RECORDS SUPPLIED =>
****************

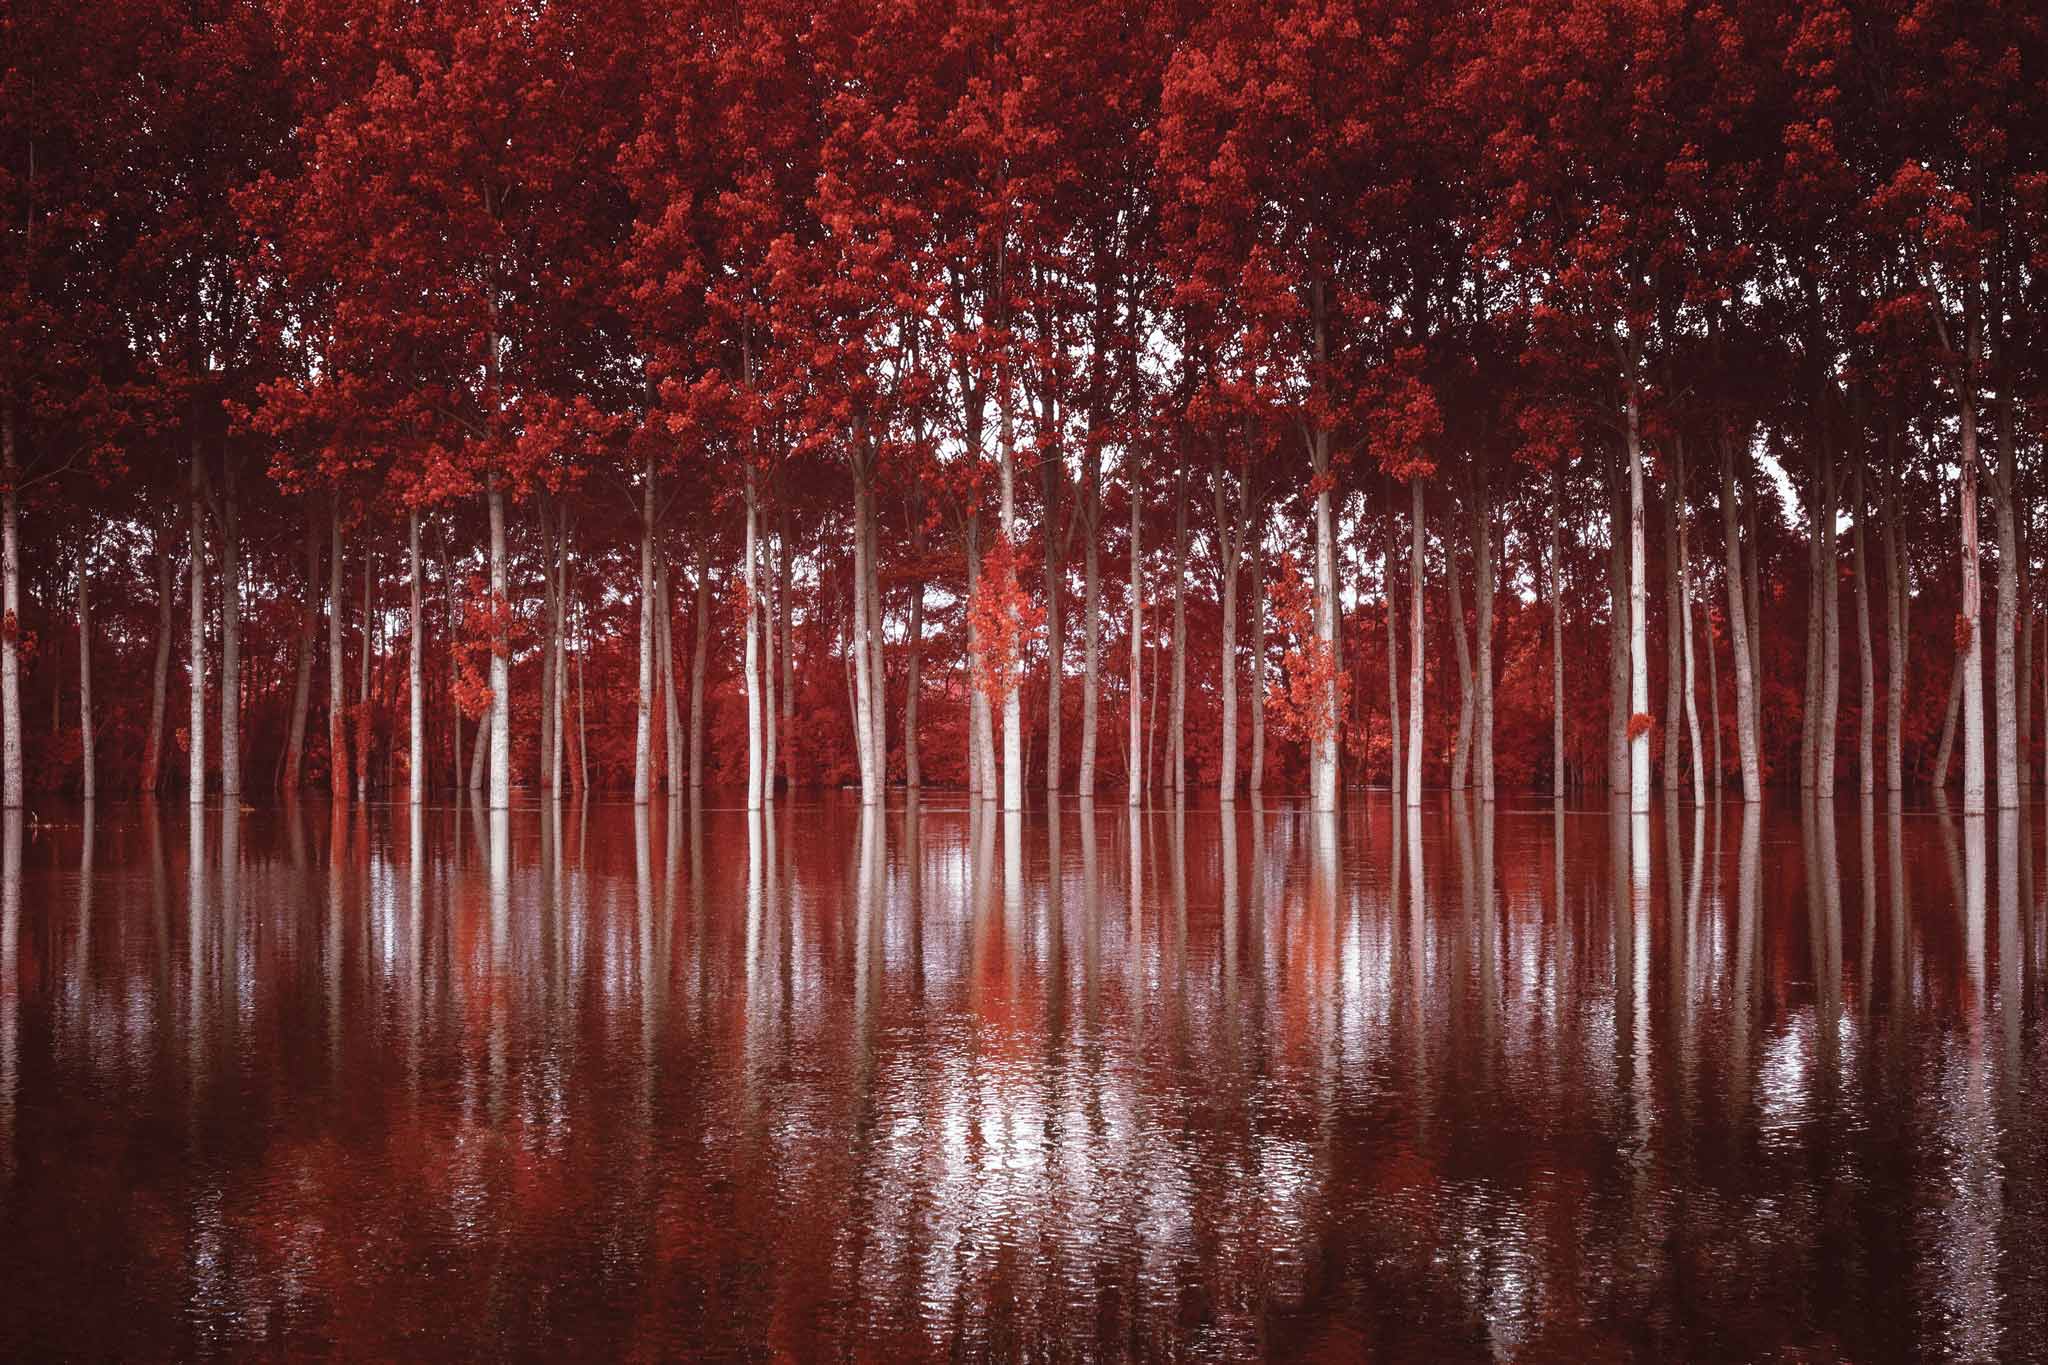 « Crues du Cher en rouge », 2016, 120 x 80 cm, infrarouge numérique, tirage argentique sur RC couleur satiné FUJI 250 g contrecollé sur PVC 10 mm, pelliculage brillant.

****************

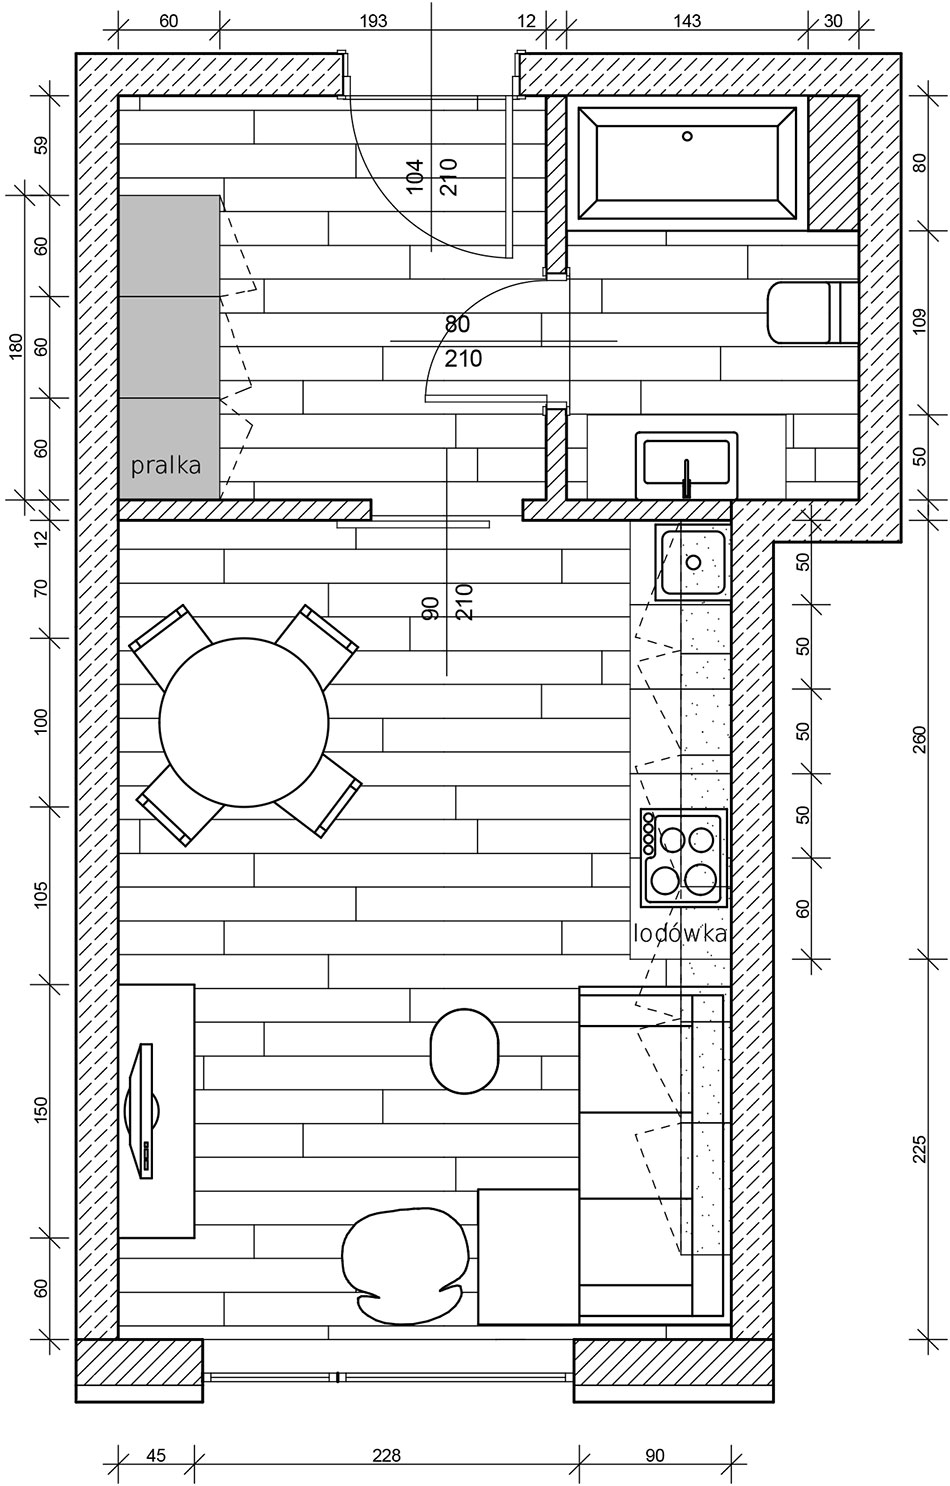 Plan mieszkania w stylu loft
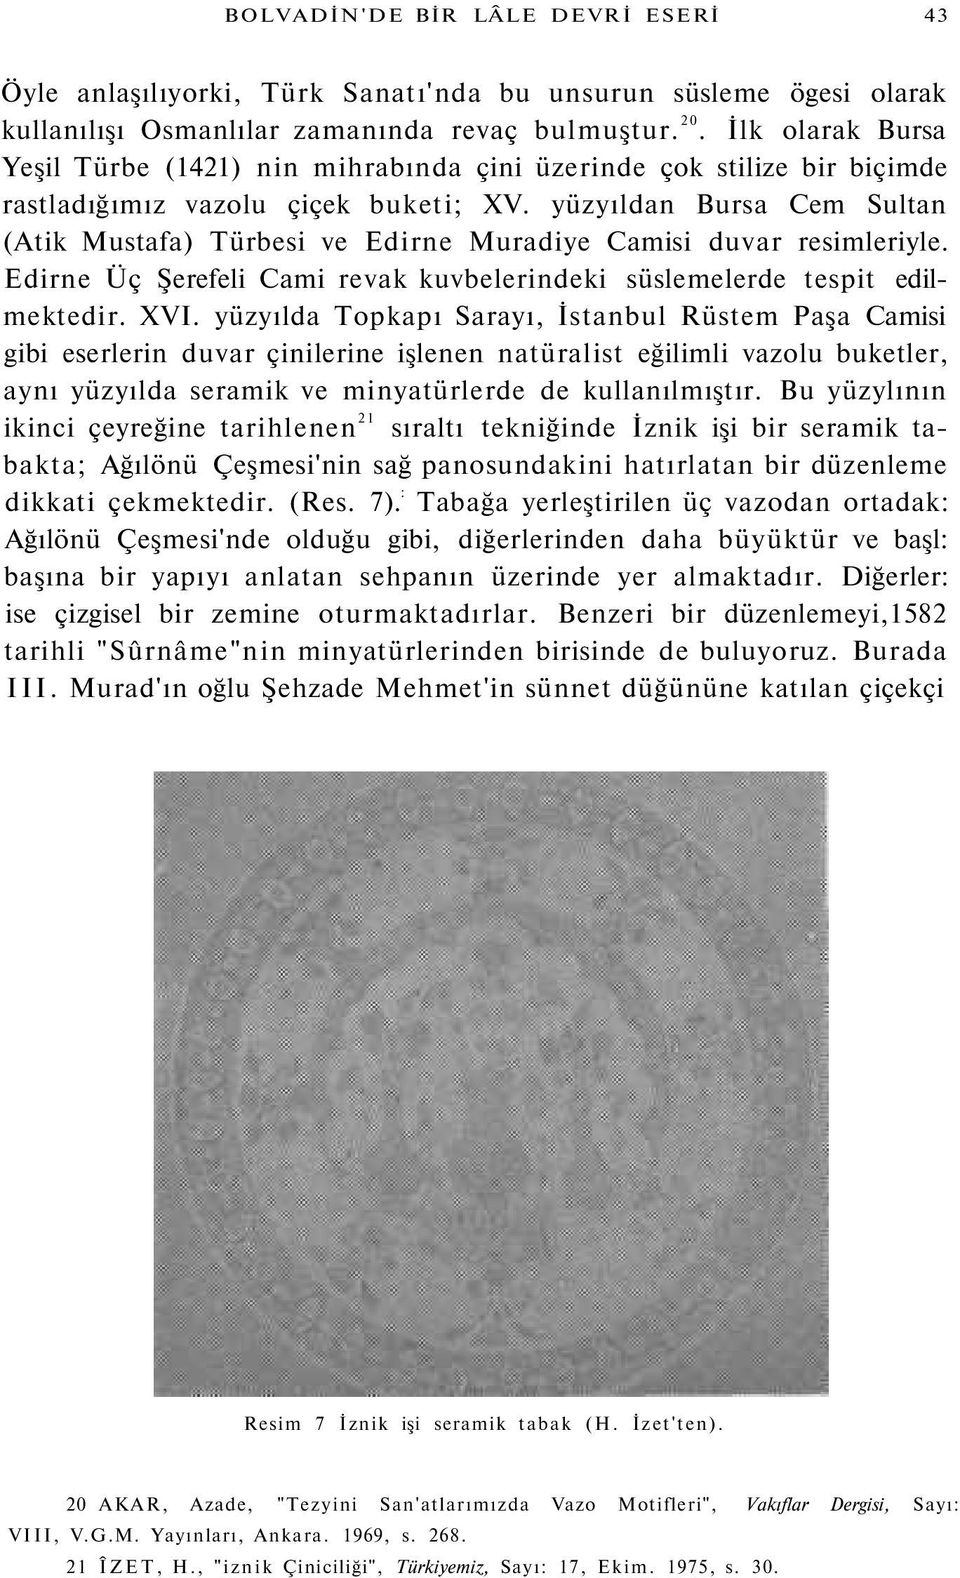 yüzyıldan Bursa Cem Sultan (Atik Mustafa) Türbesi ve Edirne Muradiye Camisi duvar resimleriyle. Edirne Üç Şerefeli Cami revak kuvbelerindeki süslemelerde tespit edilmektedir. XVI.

****************

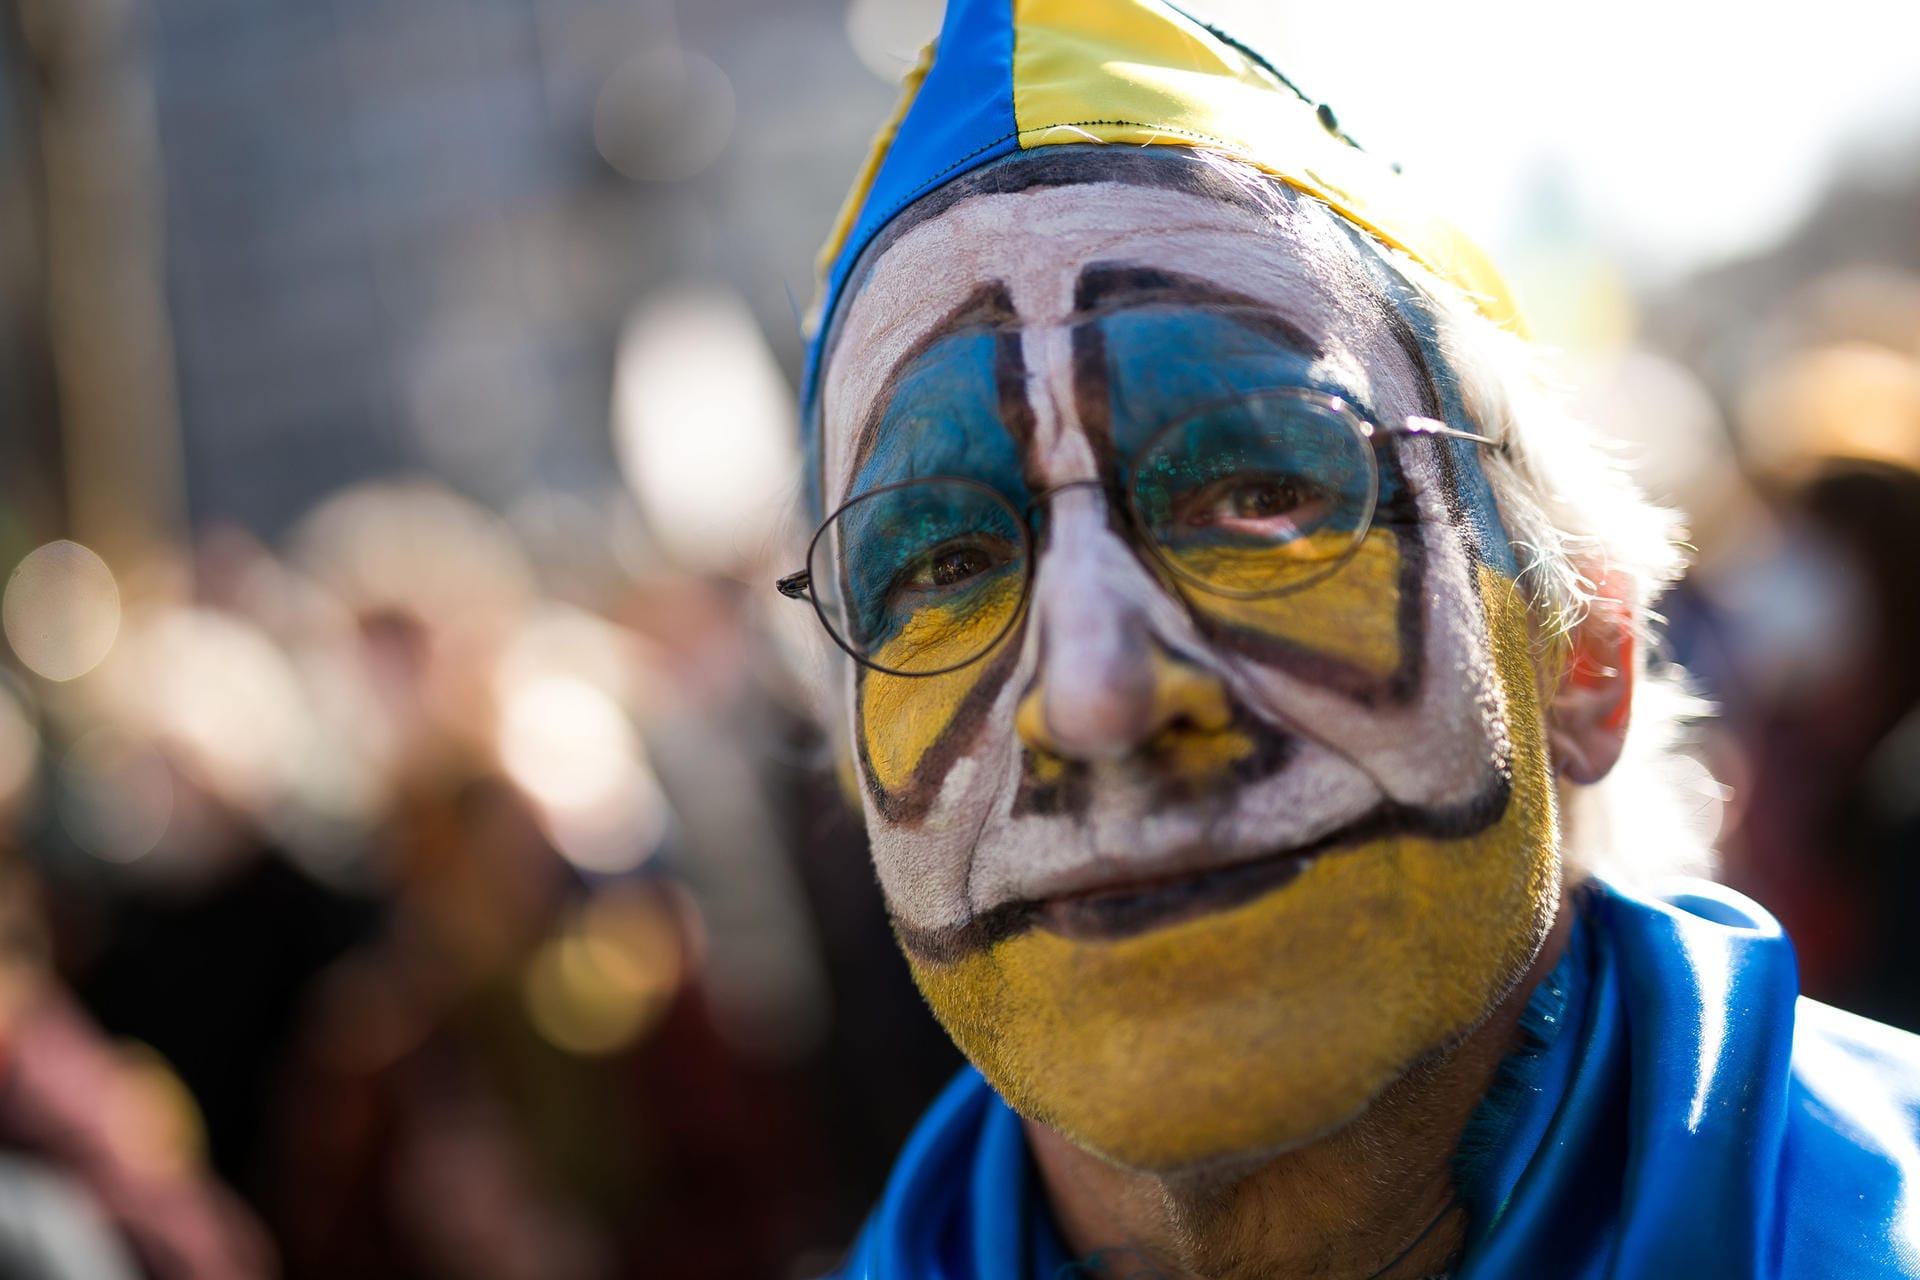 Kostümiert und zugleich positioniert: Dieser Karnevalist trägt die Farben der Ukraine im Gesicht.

****************

TASK TO COMPLETE =>
Look above for the line with "Plan mieszkania w stylu loft" and the line with "yüzyıldan Bursa Cem". Copy them and every line between, exactly, but no pictures.

SOLUTION TO THE EXERCISE =>
 Plan mieszkania w stylu loft
 yüzyıldan Bursa Cem Sultan (Atik Mustafa) Türbesi ve Edirne Muradiye Camisi duvar resimleriyle. Edirne Üç Şerefeli Cami revak kuvbelerindeki süslemelerde tespit edilmektedir. XVI.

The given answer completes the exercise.